The country she loved to death

At the flower shop in Paris, I ask the friendly Iranian owner for a bunch of white roses. “Is it a gift?” she asks.

“Yes it is a gift. It is for dear Leila,” I say.

“Dear who?”

“Leila Pahlavi, I am on my way to visit her grave.”

There is a long heavy silence which makes me feel uncomfortable and then she lifts up her glistening eyes from the cellophane she is wrapping around the flowers and with emotion vibrating in her voice she says “Bravo to you.”

Her pause and subsequent outburst signifies an emotional response subdued and hushed, but alive and waiting for an opportunity to be released. I wander into the land of “What ifs” and think what if we Iranians could feel our own feelings instead of the feelings allowed to us by religious decrees and parceled out into tidy little official packages; feelings we are told we must feel according to state legislation. And if we dare feeling otherwise we have to fear knives, clubs and persecution. This fear follows us even in as faraway a place as Paris.

Today is the 10th of June. A year has already gone by since Princess Leila's death. I remember the feeling of shock and disbelief on reading the news. At the time of the funeral along with many others, I went to the cemetery to pay my respects. The whole ceremony flashes in front of my eyes: At the gates of the Passy cemetery an old man offers a white rose to each mourner. Rows of Iranians dressed in black are standing on each side of the driveway waiting for the coffin to arrive.

I remember seeing Reza Pahlavi walking behind the hearse with sorrow and dignity. He looks like a royal whose distinction and stature does not depend on a crown. And Shahbanou, an aggrieved mother who has come to her dear daughter's burial; a mother who being who she is has more than her own grief to bear. In fact, what impressed me most about the Pahlavi family was that in the middle of their great affliction, they did not for a moment forget their sense of duty to those who depended on them.

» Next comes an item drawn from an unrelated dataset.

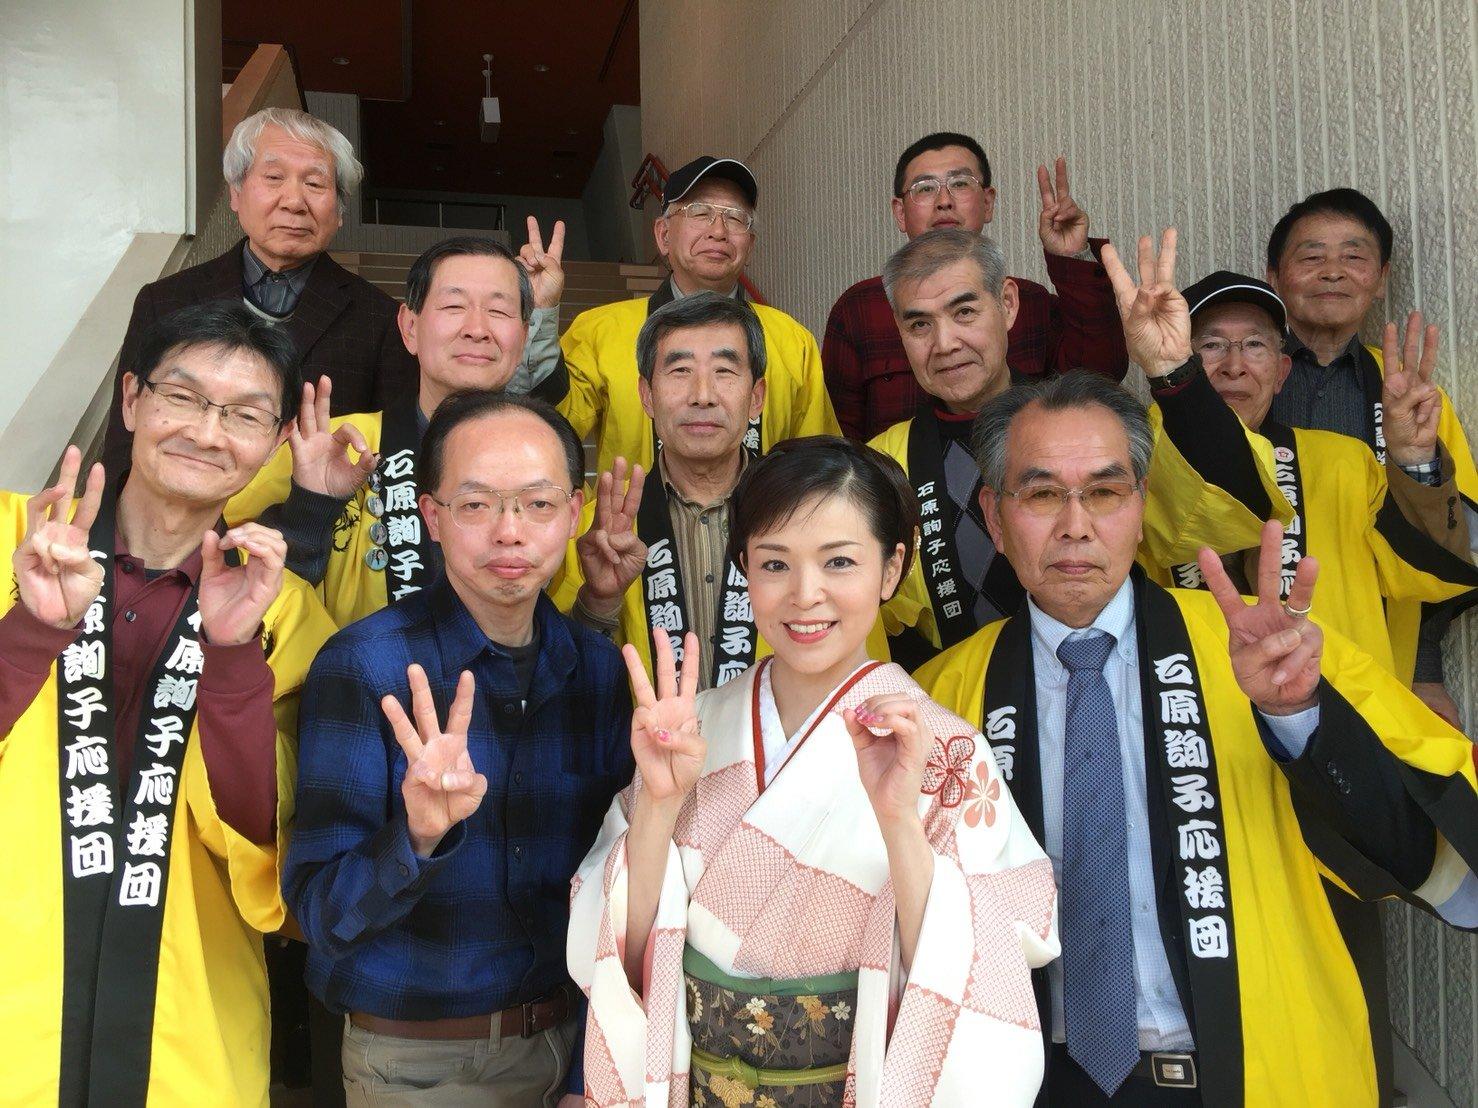 歌と踊りの祭典 in 松阪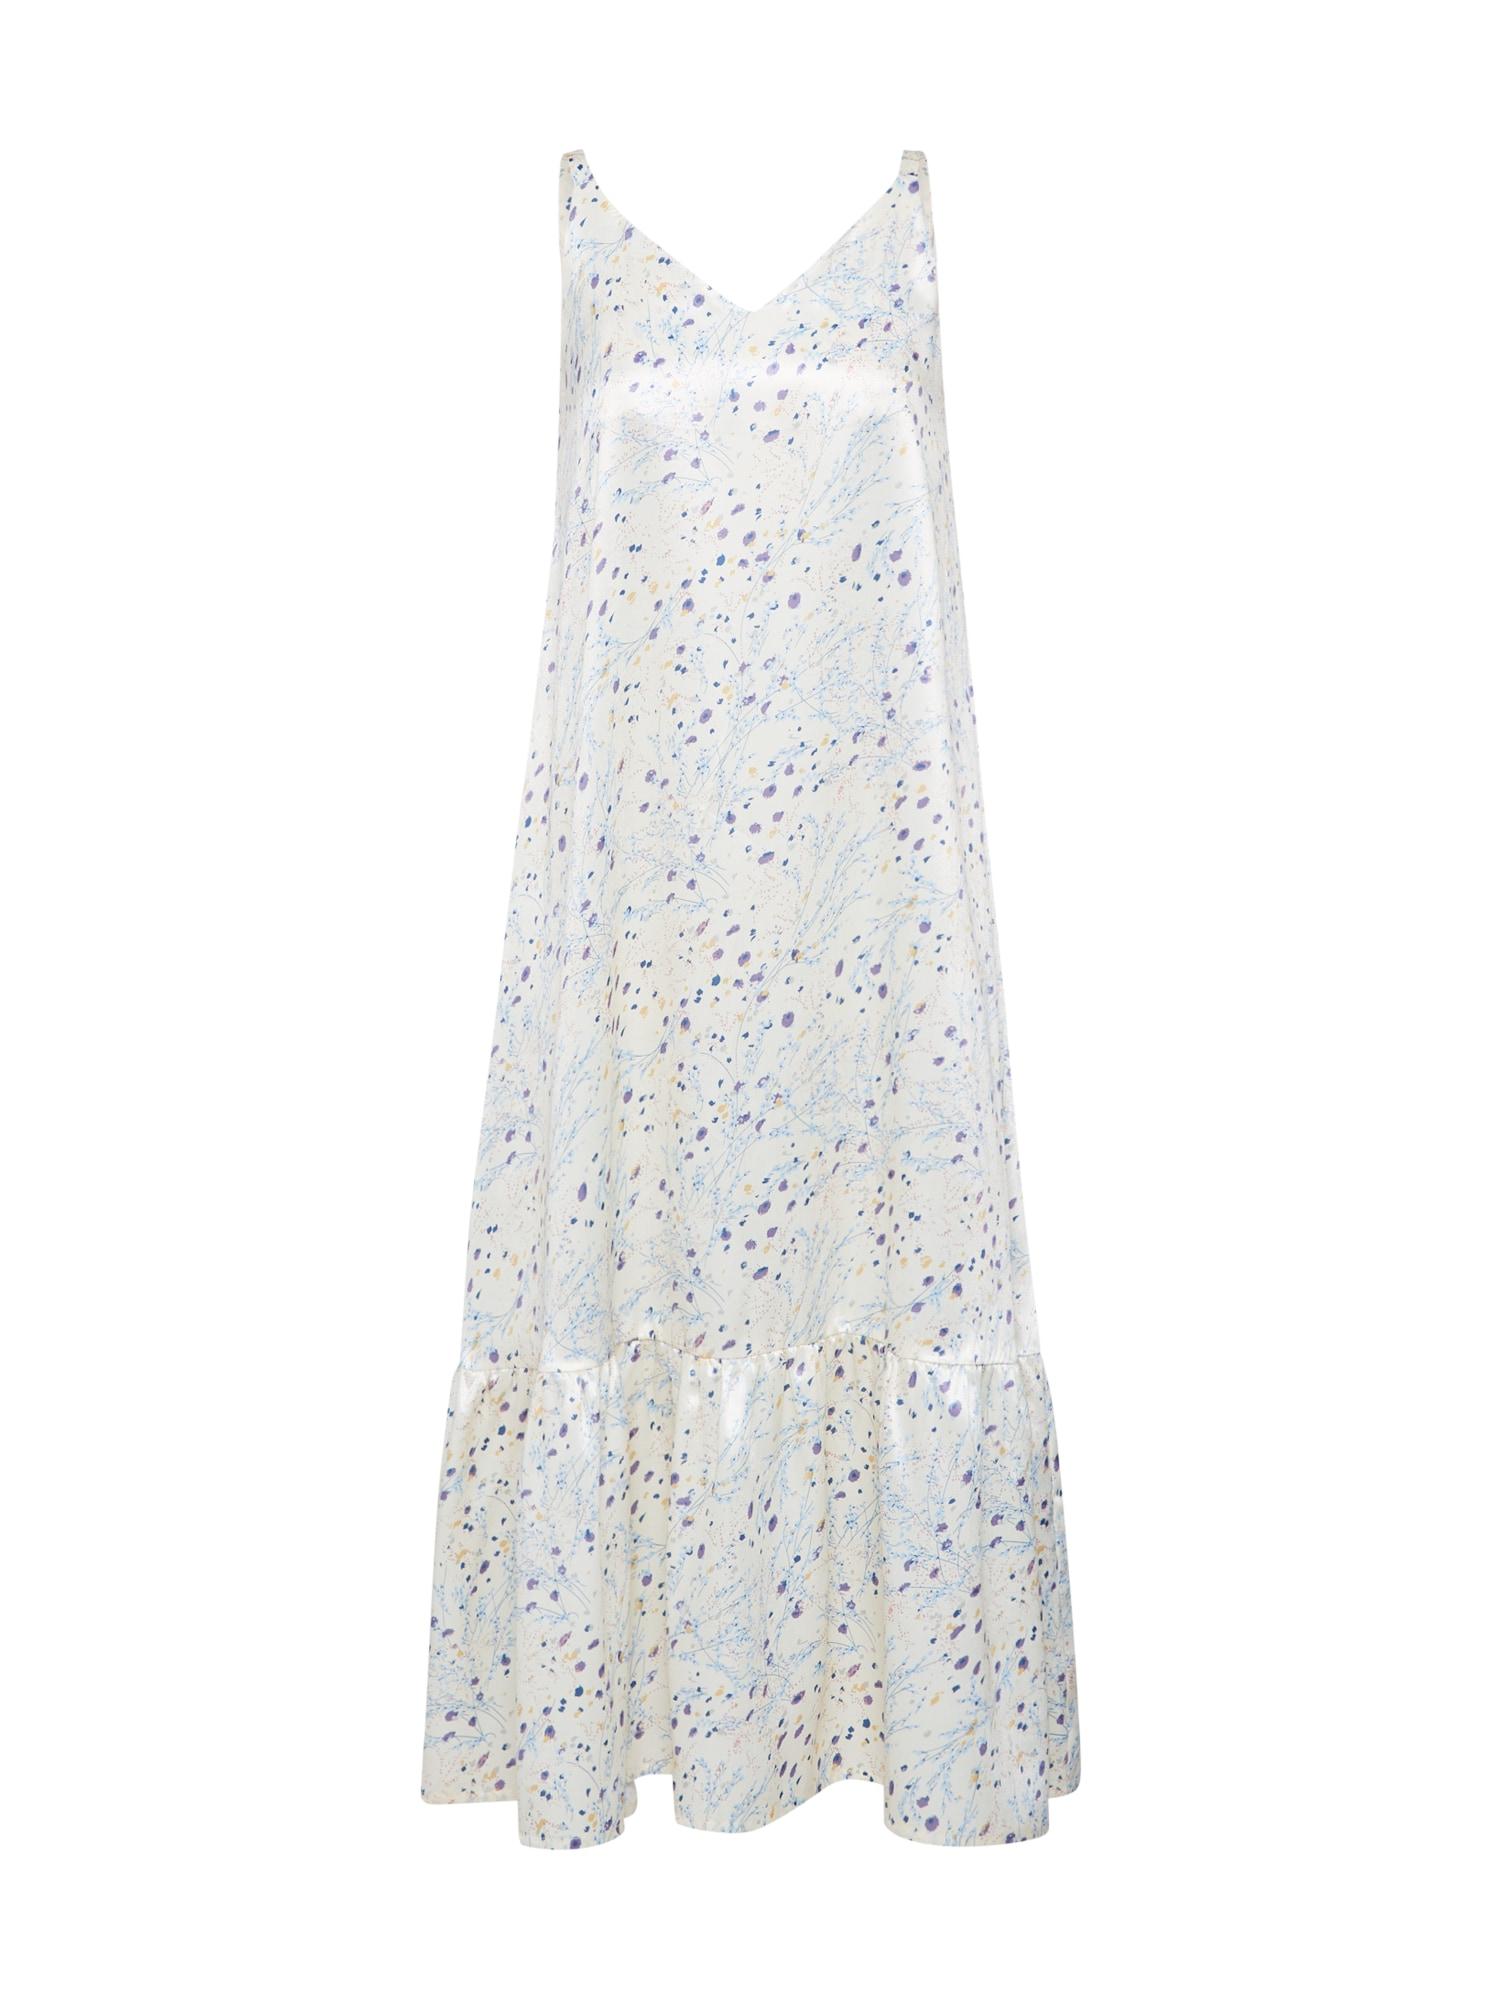 EDITED Suknelė 'Fabiane' balta / mišrios spalvos

They were there to bury their daughter but they were graciously reaching out to comfort their compatriots who had come to say good bye to their Princess. Looking at them that day one did not need an in-depth interview to recognize their decency, sincerity and their genuine love for their country. One only needed a pair of eyes and enough humanity to see.

Today in front of Leila's grave I try to search for that humanity within myself. I ask myself what do I standing here sincerely feel, steering clear of all the stock feelings, all the sentimentalism. In my mind's eye I see a little girl like every other little girl, leaning her bicycle against a fence and walking into a store.

One of my fellow gendarmes points her out to me “She is Princess Leila,” he says. I am doing my military service in Kish Island. A year later that little girl is gone along with her family into exile. Voices come to my mind from those agonizing days of social madness and hatred, voices of people who are near and dear to me but which have grown distanced and strange, metamorphosed and reduced to dogmatic and unthinking mouthpieces of some “ism” or other.

Their ranting which is greed and covetousness garnished with religious catchwords echo in my mind. Those with less crude pretensions claim the revolution is not over the price of the watermelon. I stand in front of Leila's grave more than two decades later. I feel bereft. What a folly, what a tremendous price, what a tragic penalty for a collective lapse of judgment.

Can a sensible Iranian reflecting on the harrowing history of his or her country in the past 23 years stand here at this safe distance, in this far away cemetery and not realize the tragic loss; loss of not only what we had but what we could have built upon.

The demagogues who promised they were going to turn us into masters, dispensed instead with those icons that underpinned our national dignity and character. Yes, the revolution was not over the price of the watermelon. It was over the devaluation of our most cherished values.

It was over the denigration and destruction of a great tradition which had cemented our country together for 3000 years. In front of Leila's grave I am not sentimentalizing over the past glories, I only reflect how our lives as Iranians could have been made richer and more meaningful if she was not plucked away from the country she loved to death.

With her grace, intelligence and beauty she would have been cherished as a source of encouragement, inspiration and national pride. The black marble of Princess Leila's grave is covered with flowers, I look at some of the cards, I read Reza and Yassaman, Maman, Noor and Iman: “Maman is here today, together with Ali Reza and hundreds of other Iranians who have come to pay homage to their Princess on the first anniversary of her death.”

I notice that all the flowers are white. Leila used to like white flowers. The sun comes out of the clouds and I feel a few drops of rain wetting my face. It seems like a gentle tribute from heaven to mark the occasion. As I take leave of her grave, I feel stronger and more hopeful than when I walked into the cemetery. I reflect on the history of Iran, and muse on the fact that no tyrant and no invading armies have ever been able to make us forget our country's true sons and daughters.

Princess Leila will always occupy a special place in our national memory. She will be an inspiration to us as we move on to fulfill our national dream, our dream that one day our country will rise again like a phoenix from the ashes of its present cataclysm.

As I walk out of the cemetery I think of white flowers and a white revolution that is still to come, a revolution of understanding and peace in the minds and hearts of the people of Princess Leila's beloved country.